Last year, two cross-party groups of MPs (The All-Party Parliamentary Group on Looked After Children and Care Leavers, and The All Party Parliamentary Group on Runaways and Missing Children and Adults) worked together to publish a report – supported by The Children’s Society and The Who Cares Trust - which highlighted a number of concerns about children who were going missing from care.

There are just over 65,000 children in care in England. Most of these children live with foster families but around nine per cent are placed in children’s homes. These children are extremely vulnerable – the majority of them taken into care because of serious abuse and neglect. Many have special educational needs or behavioural difficulties that require specialist support. Many are placed in children’s homes following numerous previous placement breakdowns.

Our report showed that not only were children placed in homes that could not always provide the specialist care that the children so desperately needed but that local authorities were placing thousands of children miles away from their local area, often contrary to the best interests of the child. The report showed that a combination of poor decisions about placements and inadequate support in children’s homes made children in care easy targets for grooming and sexual exploitation. It also made them more likely to run away.
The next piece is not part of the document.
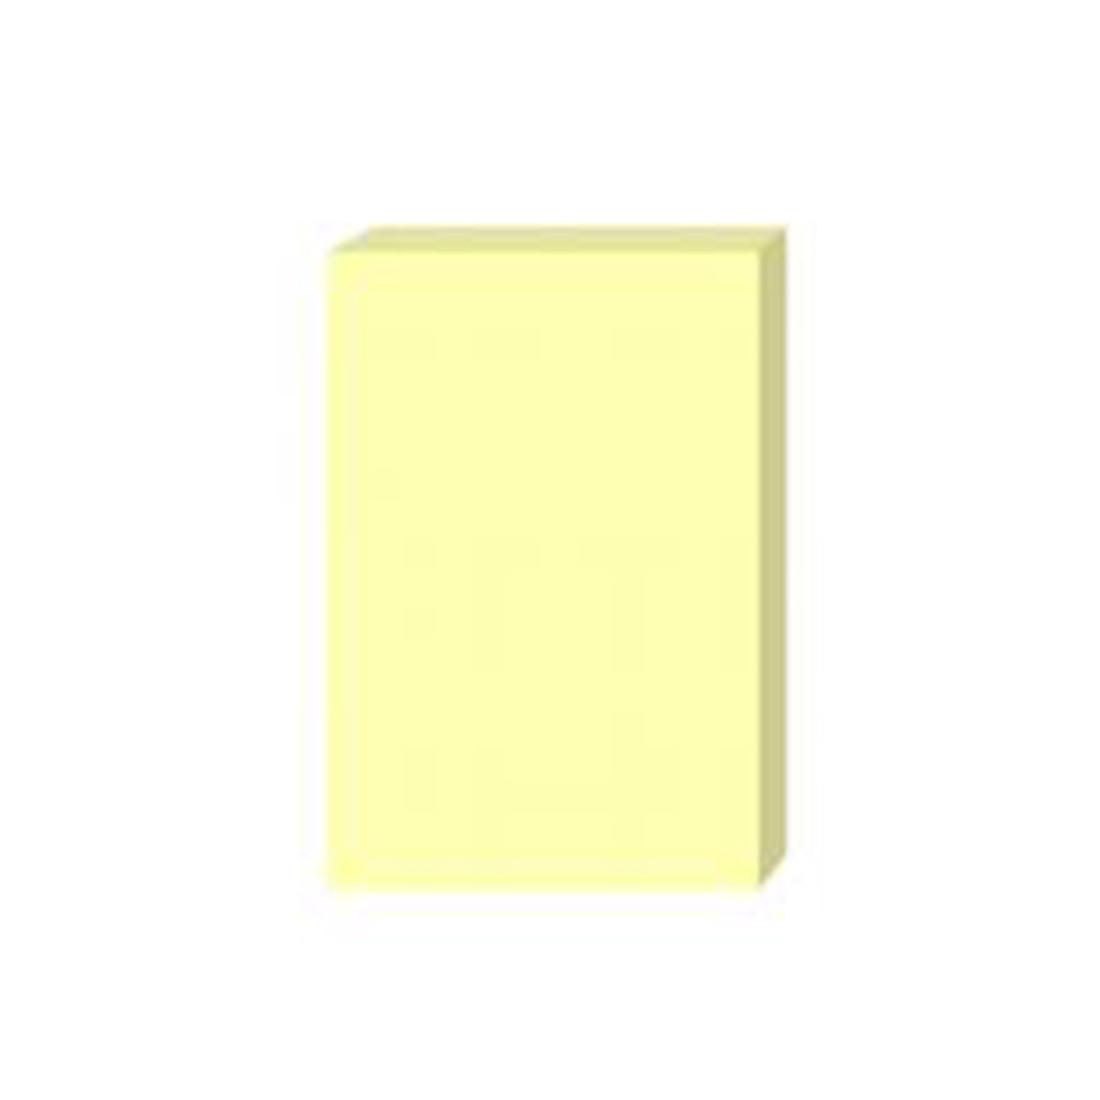 Стикеры бумажные самоклеющиеся Comix (76х101 мм, 100 л, Жёлтый)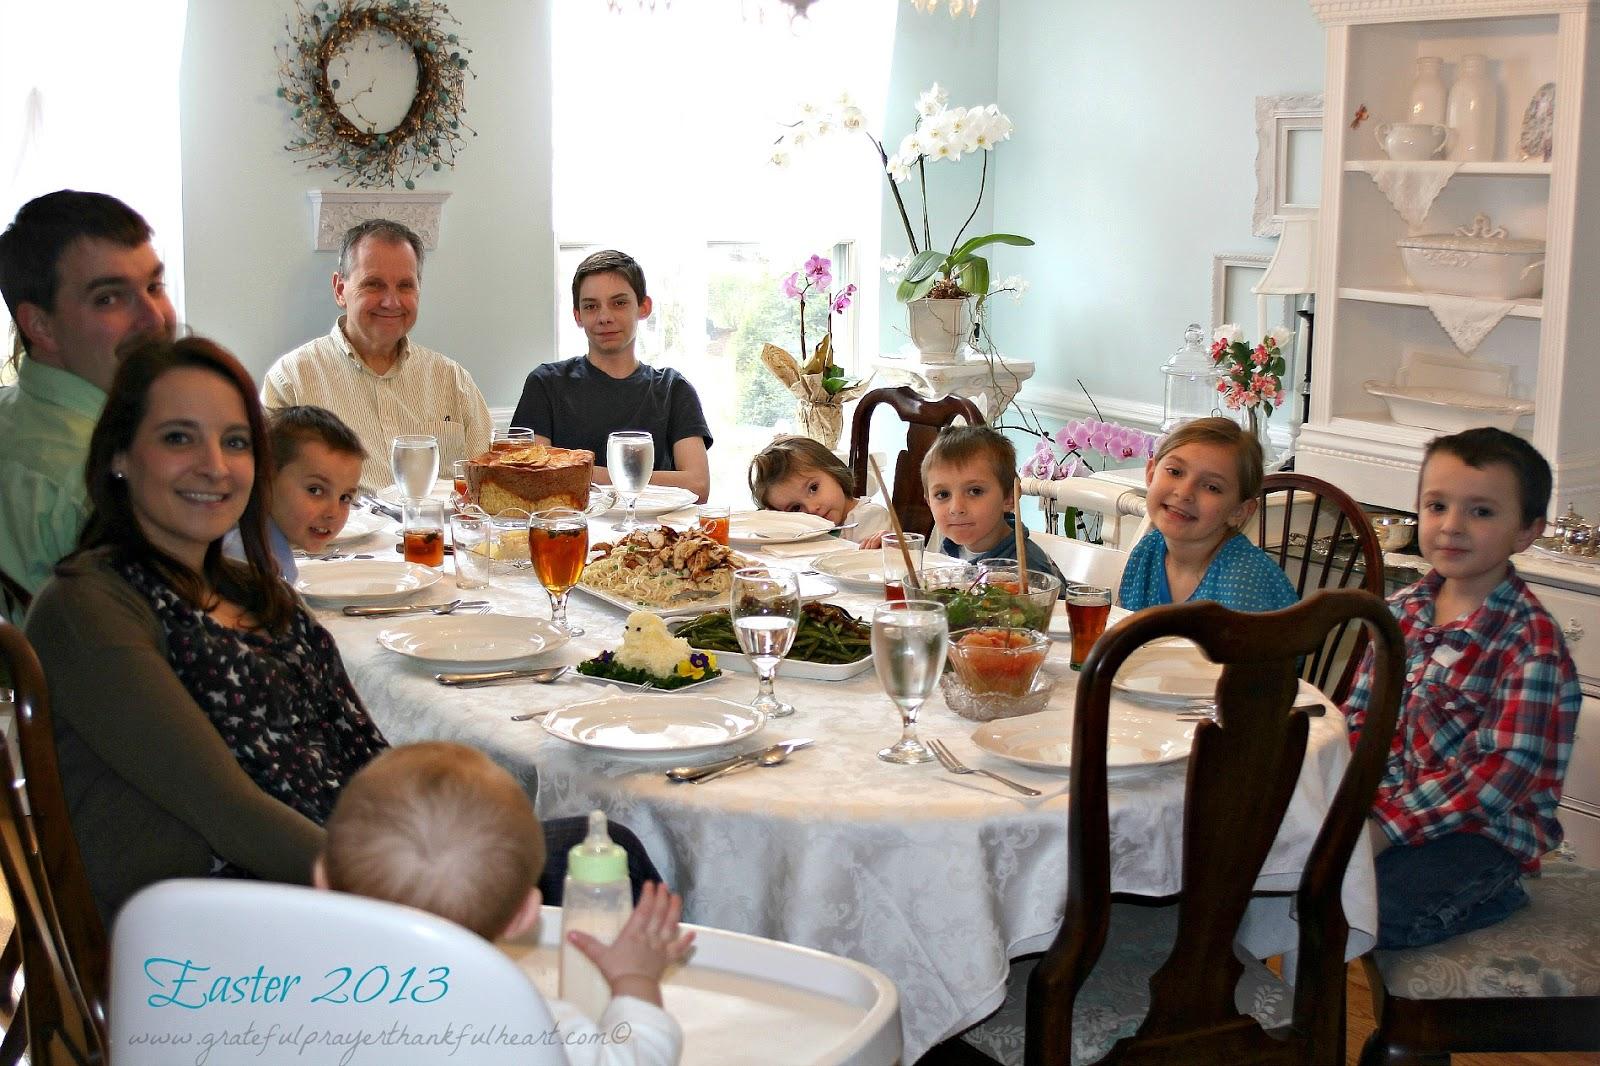 Easter Dinner Prayer Family Photo Album - The Miracle of Easter

In rare circumstances – such as where we need to protect a child from further abuse or trafficking – it might be suitable to place a child outside their local area. But in most instances, it makes it harder for children to get the support they need. And evidence shows that being placed a long way from family and friends is often a factor in causing children to run away.

Our report heard that nearly a third of all children in foster care and almost a half of children in children’s homes are placed outside of their local area. And 28 percent of children placed in children’s homes were more than twenty miles from their area local authority. A year on from our report, the government has taken a number of welcome steps to protect and improve the lives of children who live in care who need and deserve support.

The Government is proposing to make local authorities scrutinise decisions about out of area placements much more closely, so that this only happens where there is a clear need to place a child at a distance from home - such as when a child who has been trafficked needs to be far away from their traffickers. Local authorities will also have to work with each other and consult before placing a child out of area. This is so that local authorities know about things like whether children’s homes have been targeted for grooming, for instance, before making a decision to place a vulnerable child there.

The Government has also set out new proposals to help protect and support children in care who go missing. Something that care leavers always tell us is that if they left care at 16 or 17 years old they often felt that this was too soon. Now there will be greater scrutiny of decisions about leaving care to ensure that no 16 or 17 year old feels forced to move on before they feel ready. There will also be a greater focus on the quality of care in care homes with an emphasis on better training for care home staff to keep young people safe and respond to their needs in a way that good parents would do.

These are changes that are happening and will affect the lives of thousands of children. We hope these changes will mean children who are in care can thrive and fulfil their potential. My APPG and Ann Coffey MP’s APPG joined forces and presented a case to government. This happened because brave children came forward and told their stories; good police officers, care home workers and social workers told us what needs to change and charities like The Who Cares Trust and The Children’s Society worked together.

Ministers and officials have listened and we now are at a place where children’s lives can be improved. Politicians don’t always have a good story to tell - but sometimes Parliament and Government quietly gets on and does the right thing.